___ Records provided

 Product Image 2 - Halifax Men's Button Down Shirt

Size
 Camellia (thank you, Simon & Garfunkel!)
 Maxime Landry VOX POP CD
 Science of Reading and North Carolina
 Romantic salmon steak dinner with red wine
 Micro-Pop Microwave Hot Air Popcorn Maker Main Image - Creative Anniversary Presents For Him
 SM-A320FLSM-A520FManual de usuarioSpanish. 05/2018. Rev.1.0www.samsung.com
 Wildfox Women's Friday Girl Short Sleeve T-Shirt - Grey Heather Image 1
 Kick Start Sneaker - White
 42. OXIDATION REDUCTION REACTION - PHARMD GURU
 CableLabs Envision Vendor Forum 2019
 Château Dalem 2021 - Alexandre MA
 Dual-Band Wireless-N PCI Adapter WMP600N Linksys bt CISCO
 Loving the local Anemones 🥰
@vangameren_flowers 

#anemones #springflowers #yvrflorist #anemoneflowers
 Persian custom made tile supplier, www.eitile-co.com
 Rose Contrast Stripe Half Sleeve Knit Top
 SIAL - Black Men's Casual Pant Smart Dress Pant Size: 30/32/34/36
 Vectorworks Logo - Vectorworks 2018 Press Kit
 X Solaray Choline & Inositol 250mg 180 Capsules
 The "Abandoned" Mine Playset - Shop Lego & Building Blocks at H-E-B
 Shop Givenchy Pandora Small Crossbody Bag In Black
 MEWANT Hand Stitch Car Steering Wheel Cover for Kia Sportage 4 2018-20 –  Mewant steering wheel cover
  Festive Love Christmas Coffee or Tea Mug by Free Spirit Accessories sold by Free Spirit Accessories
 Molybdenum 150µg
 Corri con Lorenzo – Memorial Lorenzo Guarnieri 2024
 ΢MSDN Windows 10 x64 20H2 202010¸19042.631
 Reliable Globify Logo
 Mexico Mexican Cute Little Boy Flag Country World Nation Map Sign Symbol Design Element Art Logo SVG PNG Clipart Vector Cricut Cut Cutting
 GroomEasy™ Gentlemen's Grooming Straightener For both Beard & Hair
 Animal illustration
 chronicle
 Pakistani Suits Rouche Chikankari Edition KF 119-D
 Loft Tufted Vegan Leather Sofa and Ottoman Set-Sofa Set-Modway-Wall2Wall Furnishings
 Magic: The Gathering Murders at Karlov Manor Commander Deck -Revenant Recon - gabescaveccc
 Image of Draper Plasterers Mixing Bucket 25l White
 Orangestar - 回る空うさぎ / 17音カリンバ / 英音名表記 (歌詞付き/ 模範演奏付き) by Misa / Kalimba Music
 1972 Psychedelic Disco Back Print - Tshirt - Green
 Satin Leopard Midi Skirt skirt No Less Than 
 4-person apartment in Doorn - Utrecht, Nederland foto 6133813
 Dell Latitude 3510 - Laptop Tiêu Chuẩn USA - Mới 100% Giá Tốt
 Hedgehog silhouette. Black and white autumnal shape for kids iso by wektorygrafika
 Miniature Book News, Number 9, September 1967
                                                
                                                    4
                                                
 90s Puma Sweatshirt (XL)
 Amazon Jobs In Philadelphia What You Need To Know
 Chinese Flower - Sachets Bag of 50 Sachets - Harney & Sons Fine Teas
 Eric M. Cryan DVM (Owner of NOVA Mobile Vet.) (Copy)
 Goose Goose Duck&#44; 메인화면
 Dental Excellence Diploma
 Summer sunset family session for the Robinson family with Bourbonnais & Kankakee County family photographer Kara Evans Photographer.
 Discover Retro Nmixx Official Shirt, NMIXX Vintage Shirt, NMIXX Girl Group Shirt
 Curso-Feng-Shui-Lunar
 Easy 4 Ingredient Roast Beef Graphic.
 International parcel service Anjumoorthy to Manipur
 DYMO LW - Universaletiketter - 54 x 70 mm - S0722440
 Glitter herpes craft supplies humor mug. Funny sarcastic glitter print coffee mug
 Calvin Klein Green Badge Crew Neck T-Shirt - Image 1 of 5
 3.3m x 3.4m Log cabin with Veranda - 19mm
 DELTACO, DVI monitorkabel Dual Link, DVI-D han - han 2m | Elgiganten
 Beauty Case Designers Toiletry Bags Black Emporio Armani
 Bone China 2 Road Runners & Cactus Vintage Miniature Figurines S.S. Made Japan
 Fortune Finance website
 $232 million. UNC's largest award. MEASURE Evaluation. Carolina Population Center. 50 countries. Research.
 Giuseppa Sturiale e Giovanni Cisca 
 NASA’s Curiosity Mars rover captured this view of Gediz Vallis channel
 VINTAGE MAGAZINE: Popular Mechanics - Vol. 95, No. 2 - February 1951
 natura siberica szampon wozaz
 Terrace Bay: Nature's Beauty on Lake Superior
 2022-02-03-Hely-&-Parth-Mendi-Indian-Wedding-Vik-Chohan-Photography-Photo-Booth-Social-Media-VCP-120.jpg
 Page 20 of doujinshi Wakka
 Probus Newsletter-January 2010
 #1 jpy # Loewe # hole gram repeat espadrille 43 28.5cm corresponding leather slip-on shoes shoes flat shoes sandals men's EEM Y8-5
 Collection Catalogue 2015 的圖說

______

*Your task*. Every line from the line containing "Satin Leopard Midi Skirt skirt No Less Than" through the line containing "Hedgehog silhouette. Black" in the records above must be retyped exactly. Leave out the rest.

*Result below*.
 Satin Leopard Midi Skirt skirt No Less Than 
 4-person apartment in Doorn - Utrecht, Nederland foto 6133813
 Dell Latitude 3510 - Laptop Tiêu Chuẩn USA - Mới 100% Giá Tốt
 Hedgehog silhouette. Black and white autumnal shape for kids iso by wektorygrafika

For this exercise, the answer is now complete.